Investment Management Done right involves a long, thoughtful conversation about your goals, your prioritization of those goals, and the skillful adjustment of the various “levers of financial freedom” that can help you realize those goals. It is a process of identifying what you value most and finding a path to get there that avoids unnecessary risk.

What are those “levers”? Fundamentally, there are just two: Cash Flow and Risk. Everything controllable in investment planning rolls up into those two variables. Cash Flow is the amount of money coming into or going out of your household, both now and in the future. During your working years, it’s usually positive as you (hopefully) spend less than you earn so that you can save for your retirement (or any other financial goal you may have). During retirement, it’s often negative as you draw from the savings you accumulated during your working years to meet your retirement income needs.

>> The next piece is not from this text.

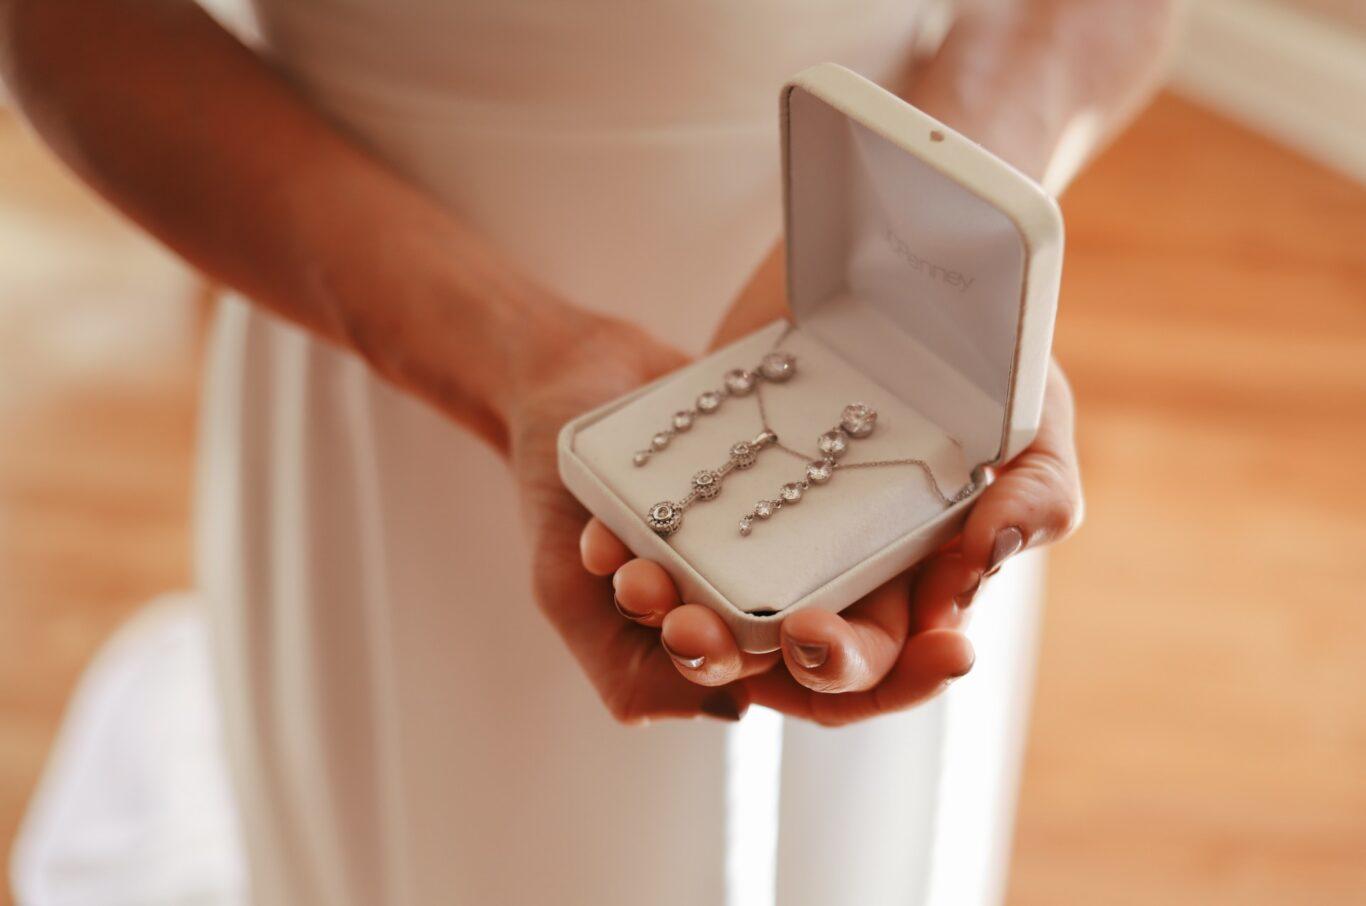 Αξεσουάρ για την νύφη
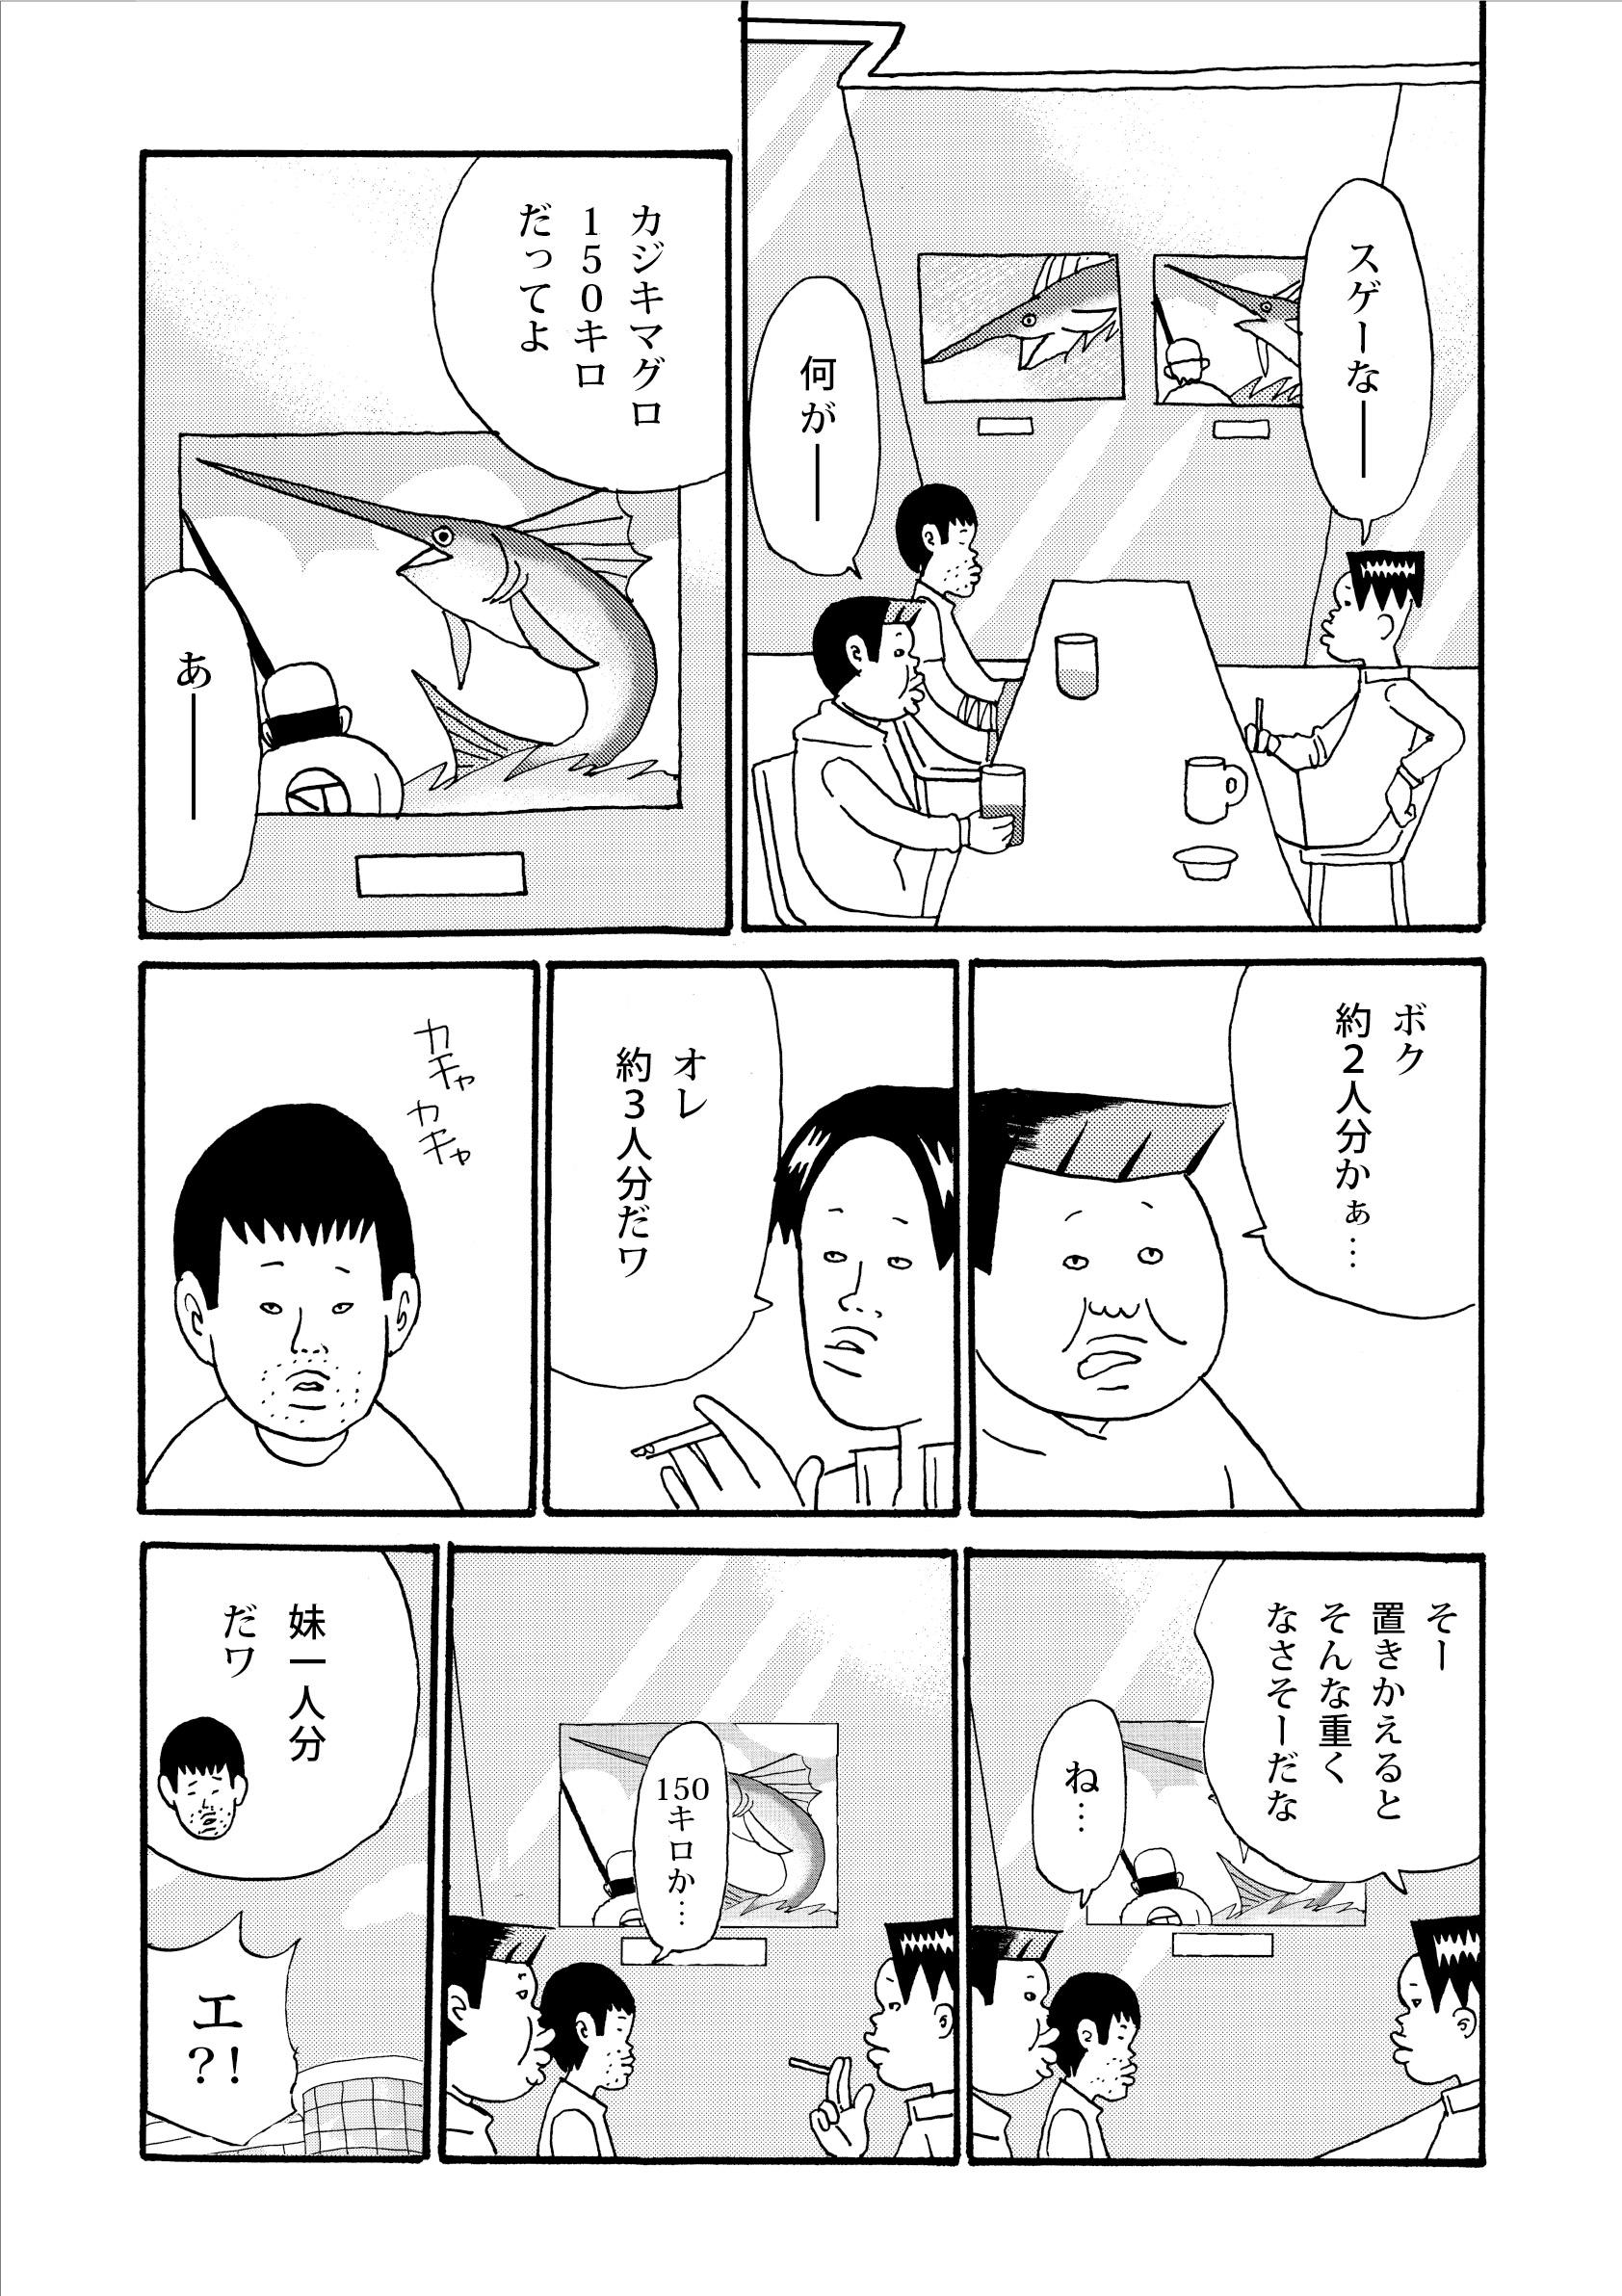 makochin_comic_kajikimaguro

The second lever, Risk, is the price you have to pay to earn a return on your savings. Risk and return are inextricably related and, while you can expose yourself to risk without earning a return, you cannot earn a return without exposing yourself to some level of risk (even federally-insured certificates of deposit carry certain risks). However, not all risks are created equal. There are good investment risks – risks that are often worth taking because they have positive expected returns; and there are bad investment risks – risks that are completely unnecessary or whose associated returns are most likely to be negative. The key, then, is to avoid the bad risks and embrace the good risks – but only to the extent that doing so buys you something of significant value – such as a secure retirement.

Focusing on the two levers – Cash Flow and Risk – will allow you to build a more resilient plan: a plan that can weather future financial storms and that’s better able to cope with whatever curve-balls life (or the markets) throw at you; a plan that can provide you with confidence that you’ll attain the goals you value most, while avoiding unnecessary investment risk.